Dodging bullies was one of my most important skills as a kid. When you are small, nearsighted, bad at all the popular sports and the sort of bookworm whom the teachers like to use as an example with which to embarrass the underachievers, you get beat up a lot. I learned all the different ways out of PS#4 so as to better give the slip to whomever was waiting to “get me after school.” I stopped winning spelling bees. I was a master at finding the path of least resistance.
Understand that my Mom loved all animals, and was absolute death on animal cruelty of any kind.
On a midsummer day when I was twelve, thirteen, fourteen – I’m not sure exactly – I came around a corner and nearly walked into a bunch of kids standing in a circle. The circle included a couple of my more popular tormentors. They were all laughing, and encouraging one of the proto-criminals to “go on” and “do it.” I saw that they were all gathered around a large frog.
Understand that my Mom loved all animals, and was absolute death on animal cruelty of any kind. One of our dogs was adopted by way of our stealing him from his abusive owner.
At the center of the circle, with the frog, was my chief tormentor, Moretti. He was going to blow up the frog with a firecracker.
The mystery switch in my brain that sometimes activates me to do odd and impulsive things went click. I didn’t really think, and gave them no time to act. I slammed my way into the circle, scooped up the frog, slammed my way back out and ran like hell. One thing in my favor; I was very fast. For some reason neither Moretti nor his crew bothered to chase me. I was followed mainly by curses and threats.

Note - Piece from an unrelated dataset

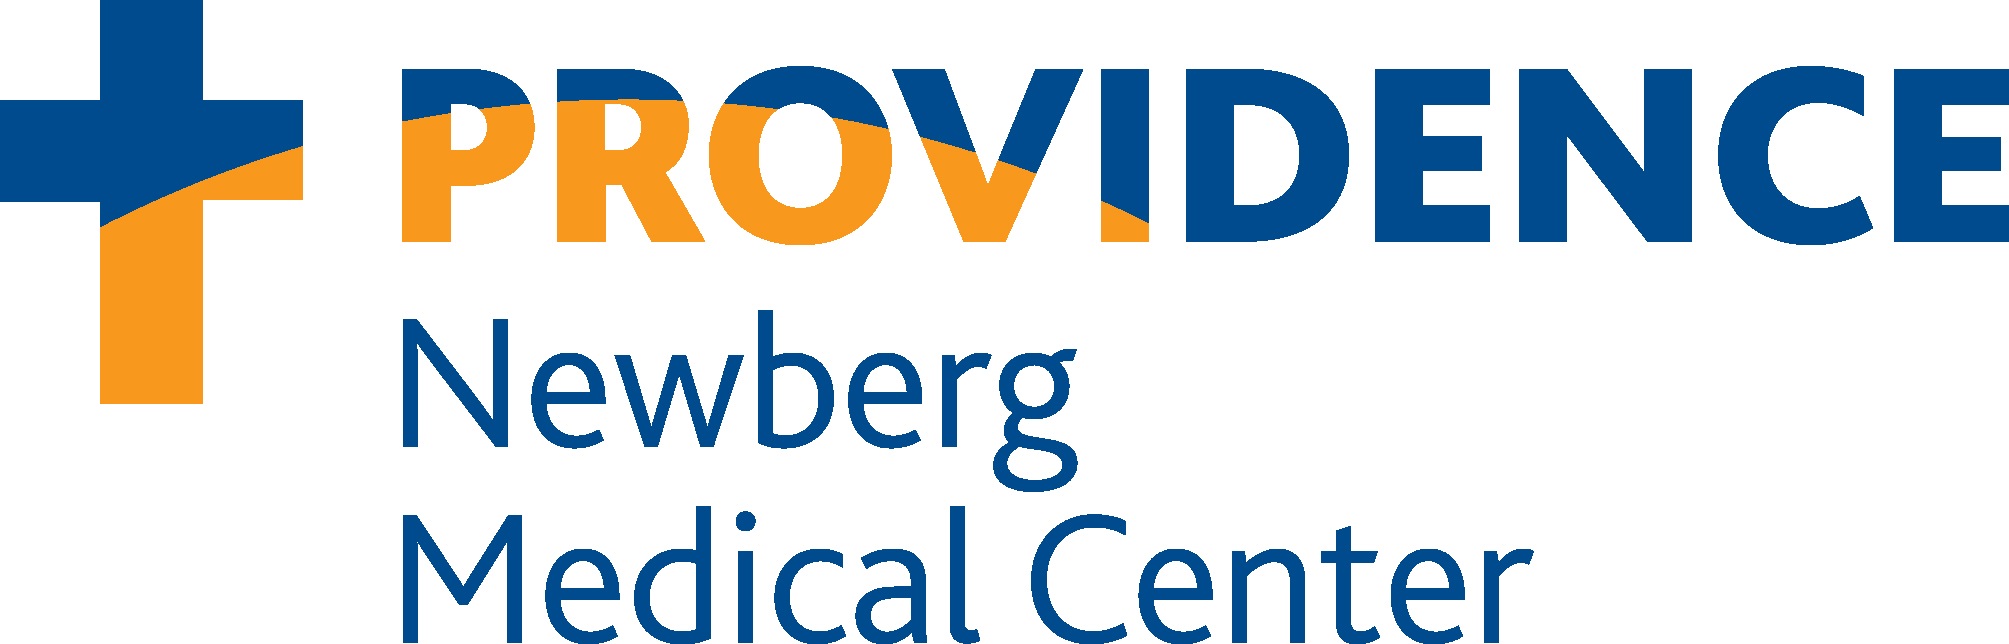 Providence Newberg Medical Center Logo

I ran a few blocks, then made my way to a nearby industrial site, mostly abandoned, and released the frog into a pond.
A hyper-annuated wannabee scientist with a lovely wife and a mountain biking problem.
I love your recounting of this incident, Dave, and no doubt you stunned your tormentors with your actions. Isn’t it moving when we intuitively act outside ourselves and do something so alien to our comfort zones? Bravo for you! I love your mom stealing a dog to rescue it. My sister-in-law, known in our family as the “dog whisperer,” has adopted dogs that no one thought could be redeemed and turned them into loving, secure pets.
Marian, Mom came home and told my brother and me about the dog being tormented by a group of kids. He and I went back with her, found them and took the dog. We tossed them five bucks so it wouldn’t be a theft.
Bravo, Dave! That took real courage and your kindness and instinct for protecting the helpless just kicked in, regardless of what cruelty might have transpired for you. I applaud your goodness.
I relied a lot on my fast quarter-mile times back then….
Bravo Dave, this animal lover gets it, seeing those anti-animal cruelty clips on TV often has me upping my monthly donations to ASPCA, PETA and WWF!
My dad was raised on a farm and told me he used to dissect frogs – out of curiosity, not cruelty, so hopefully he was more humane and conked them out first! (He did go on to med school so I like to think those poor frogs gave their lives in the name of science.)
What a great story, Dave. I loved how you saved the frog and got away from your tormentors. It was a pretty brave act for a kid your age.
Being on the track team served me well many times!
Hooray for your quick action when it was the right thing to do. I’m sure you learned from that and have done many good things since. Thank you.
Not as many as I might have wished, Khati. I have at least achieved high levels of harmlessness!
Good for you, Dave, I love this story about your good trouble on behalf of that poor frog. One question: in the 4th paragraph you say “(Moretti again; no surprise)” but you have never mentioned Moretti before, so I’m wondering what the original reference was supposed to be.
Oops. “Moretti” was one of the two most psychopathic of the bullies of my childhood. He appears in another story that I wrote and did not publish here because it is sort of fictionalized (it combines two separate incidents into one narrative). I’ll edit this one to get rid of the ambiguity.
Good for you, Dave! I love this story! I’d call it ‘Frog’s Lucky Day.’ Though I’ll bet it was yours, too. Probably gave you the courage to keep doing the right thing despite those bullies.
I’ll take you on my team over Moretti every day and Saturday too! Especially on my cycling team,.
This was a really vividly recalled narrative. You built up the character development and the suspense very adroitly.